Lambda School Data Science

*Unit 2, Sprint 3, Module 3*

---


# Permutation & Boosting

You will use your portfolio project dataset for all assignments this sprint.

## Assignment

Complete these tasks for your project, and document your work.

- [ ] If you haven't completed assignment #1, please do so first.
- [ ] Continue to clean and explore your data. Make exploratory visualizations.
- [ ] Fit a model. Does it beat your baseline? 
- [ ] Try xgboost.
- [ ] Get your model's permutation importances.

You should try to complete an initial model today, because the rest of the week, we're making model interpretation visualizations.

But, if you aren't ready to try xgboost and permutation importances with your dataset today, that's okay. You can practice with another dataset instead. You may choose any dataset you've worked with previously.

The data subdirectory includes the Titanic dataset for classification and the NYC apartments dataset for regression.
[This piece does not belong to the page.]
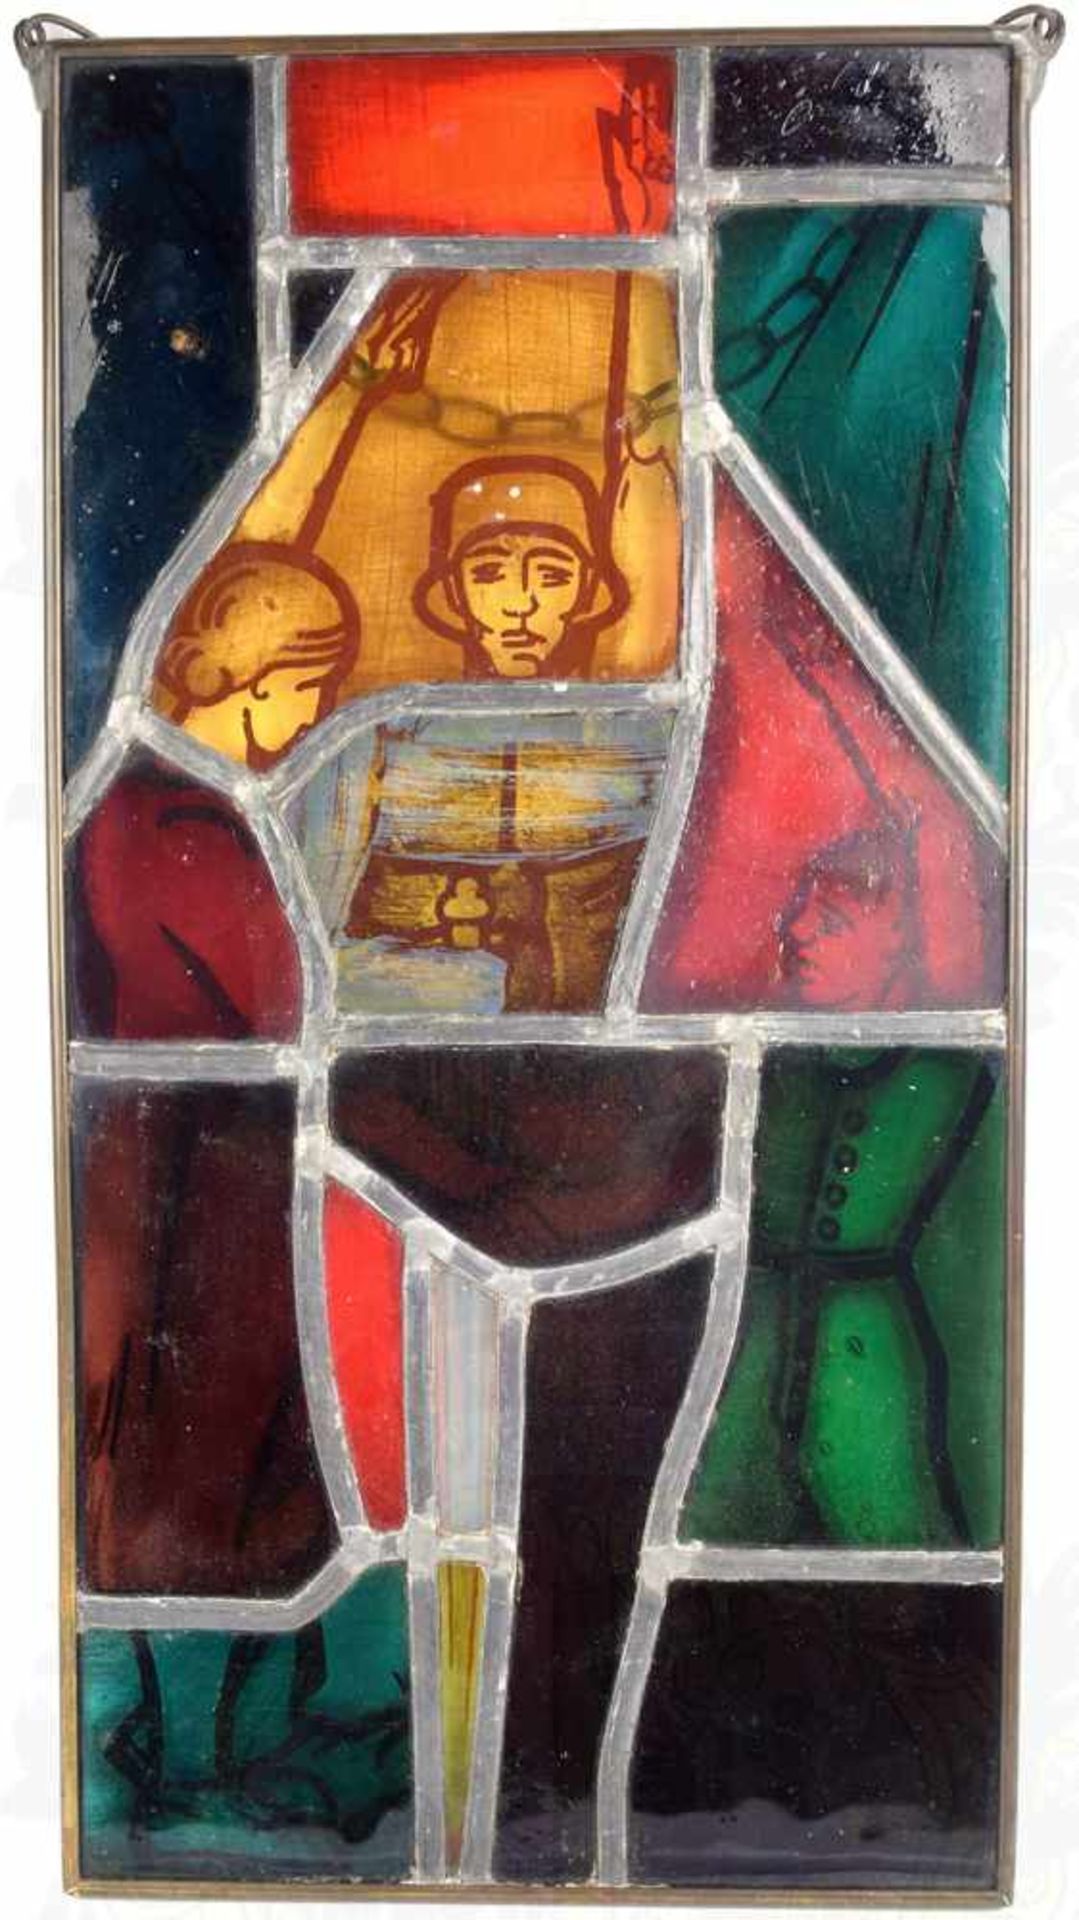 ERINNERUNGS-GLASBILD, mehrfarb. Bleiverglasung, Darstellung eines Soldaten mit freiem Oberkörper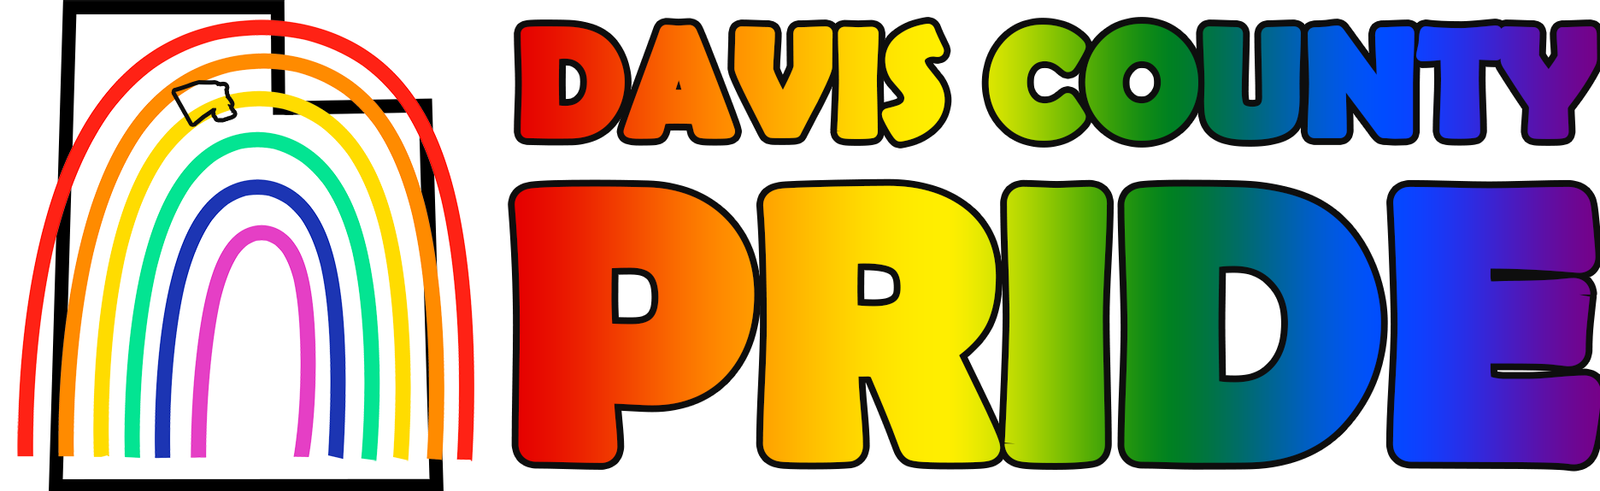 Davis County Pride

You may want to choose one of these datasets, because example solutions will be available for each.


## Reading

Top recommendations in _**bold italic:**_

#### Permutation Importances
- _**[Kaggle / Dan Becker: Machine Learning Explainability](https://www.kaggle.com/dansbecker/permutation-importance)**_
- [Christoph Molnar: Interpretable Machine Learning](https://christophm.github.io/interpretable-ml-book/feature-importance.html)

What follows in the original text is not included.